BEGIN PROVIDED RECORDS
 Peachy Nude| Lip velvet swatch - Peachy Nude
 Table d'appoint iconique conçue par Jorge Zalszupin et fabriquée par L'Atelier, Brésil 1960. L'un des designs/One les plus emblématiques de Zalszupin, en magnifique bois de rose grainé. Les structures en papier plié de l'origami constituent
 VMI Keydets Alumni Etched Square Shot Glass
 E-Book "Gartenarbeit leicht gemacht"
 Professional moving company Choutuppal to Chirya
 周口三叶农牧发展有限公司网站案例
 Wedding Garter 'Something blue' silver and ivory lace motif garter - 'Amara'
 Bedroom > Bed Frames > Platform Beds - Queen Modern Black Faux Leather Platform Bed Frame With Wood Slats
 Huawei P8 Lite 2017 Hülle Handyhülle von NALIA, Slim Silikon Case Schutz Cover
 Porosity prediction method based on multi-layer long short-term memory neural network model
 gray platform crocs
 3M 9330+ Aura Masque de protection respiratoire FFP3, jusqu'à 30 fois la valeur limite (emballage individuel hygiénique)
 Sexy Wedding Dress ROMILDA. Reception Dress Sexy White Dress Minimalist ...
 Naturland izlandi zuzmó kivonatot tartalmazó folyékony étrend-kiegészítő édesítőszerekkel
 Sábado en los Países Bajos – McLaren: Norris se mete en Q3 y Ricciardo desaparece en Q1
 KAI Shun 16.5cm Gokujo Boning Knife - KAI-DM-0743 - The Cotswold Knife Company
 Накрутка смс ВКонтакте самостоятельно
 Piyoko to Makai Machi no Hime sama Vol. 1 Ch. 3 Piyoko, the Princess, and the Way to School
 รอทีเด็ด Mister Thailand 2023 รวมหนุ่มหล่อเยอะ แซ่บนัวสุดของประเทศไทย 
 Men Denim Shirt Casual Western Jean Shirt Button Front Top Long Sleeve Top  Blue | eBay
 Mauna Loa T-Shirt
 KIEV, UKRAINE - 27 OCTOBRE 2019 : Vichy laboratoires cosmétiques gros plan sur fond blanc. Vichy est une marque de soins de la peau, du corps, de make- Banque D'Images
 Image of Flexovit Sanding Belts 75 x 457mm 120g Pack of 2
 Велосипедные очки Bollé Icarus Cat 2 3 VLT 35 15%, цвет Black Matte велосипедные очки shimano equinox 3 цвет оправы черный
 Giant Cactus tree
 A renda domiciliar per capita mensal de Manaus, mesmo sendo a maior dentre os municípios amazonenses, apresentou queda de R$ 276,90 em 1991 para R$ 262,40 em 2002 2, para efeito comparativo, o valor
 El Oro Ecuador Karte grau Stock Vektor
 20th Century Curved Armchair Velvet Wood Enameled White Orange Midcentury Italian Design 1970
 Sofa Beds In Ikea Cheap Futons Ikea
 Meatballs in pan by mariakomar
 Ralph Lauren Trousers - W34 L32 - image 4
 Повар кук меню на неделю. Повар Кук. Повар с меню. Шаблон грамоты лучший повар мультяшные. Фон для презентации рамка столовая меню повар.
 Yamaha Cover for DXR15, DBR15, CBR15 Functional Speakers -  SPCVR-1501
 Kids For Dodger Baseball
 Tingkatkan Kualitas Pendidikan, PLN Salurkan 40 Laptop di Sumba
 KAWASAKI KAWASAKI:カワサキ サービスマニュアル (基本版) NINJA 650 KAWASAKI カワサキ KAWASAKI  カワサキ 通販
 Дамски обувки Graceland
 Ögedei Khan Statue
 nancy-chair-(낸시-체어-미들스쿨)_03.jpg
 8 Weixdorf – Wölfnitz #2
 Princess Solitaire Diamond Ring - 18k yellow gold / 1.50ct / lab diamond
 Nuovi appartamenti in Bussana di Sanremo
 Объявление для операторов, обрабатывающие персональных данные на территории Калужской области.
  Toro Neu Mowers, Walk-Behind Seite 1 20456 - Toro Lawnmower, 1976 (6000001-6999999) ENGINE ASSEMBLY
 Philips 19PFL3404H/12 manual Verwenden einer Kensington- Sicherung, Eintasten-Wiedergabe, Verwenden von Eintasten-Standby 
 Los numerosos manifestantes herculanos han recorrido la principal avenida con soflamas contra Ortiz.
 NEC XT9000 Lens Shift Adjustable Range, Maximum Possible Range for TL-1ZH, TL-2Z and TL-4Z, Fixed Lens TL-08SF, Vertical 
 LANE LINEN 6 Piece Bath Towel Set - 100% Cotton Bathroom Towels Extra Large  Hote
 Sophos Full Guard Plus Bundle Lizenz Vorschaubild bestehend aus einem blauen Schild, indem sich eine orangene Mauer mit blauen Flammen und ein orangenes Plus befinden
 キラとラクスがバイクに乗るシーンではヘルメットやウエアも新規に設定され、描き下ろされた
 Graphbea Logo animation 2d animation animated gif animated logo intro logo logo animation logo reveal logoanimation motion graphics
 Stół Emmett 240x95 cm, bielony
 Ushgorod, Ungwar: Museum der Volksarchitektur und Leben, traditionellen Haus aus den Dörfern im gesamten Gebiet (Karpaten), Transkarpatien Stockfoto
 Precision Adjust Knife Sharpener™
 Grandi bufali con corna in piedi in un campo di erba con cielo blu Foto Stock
END PROVIDED RECORDS
GOAL OF THE EXERCISE:
Select and copy every line of the material that holds the string "White".

EXERCISE ANSWER:
 Sexy Wedding Dress ROMILDA. Reception Dress Sexy White Dress Minimalist ...
 20th Century Curved Armchair Velvet Wood Enameled White Orange Midcentury Italian Design 1970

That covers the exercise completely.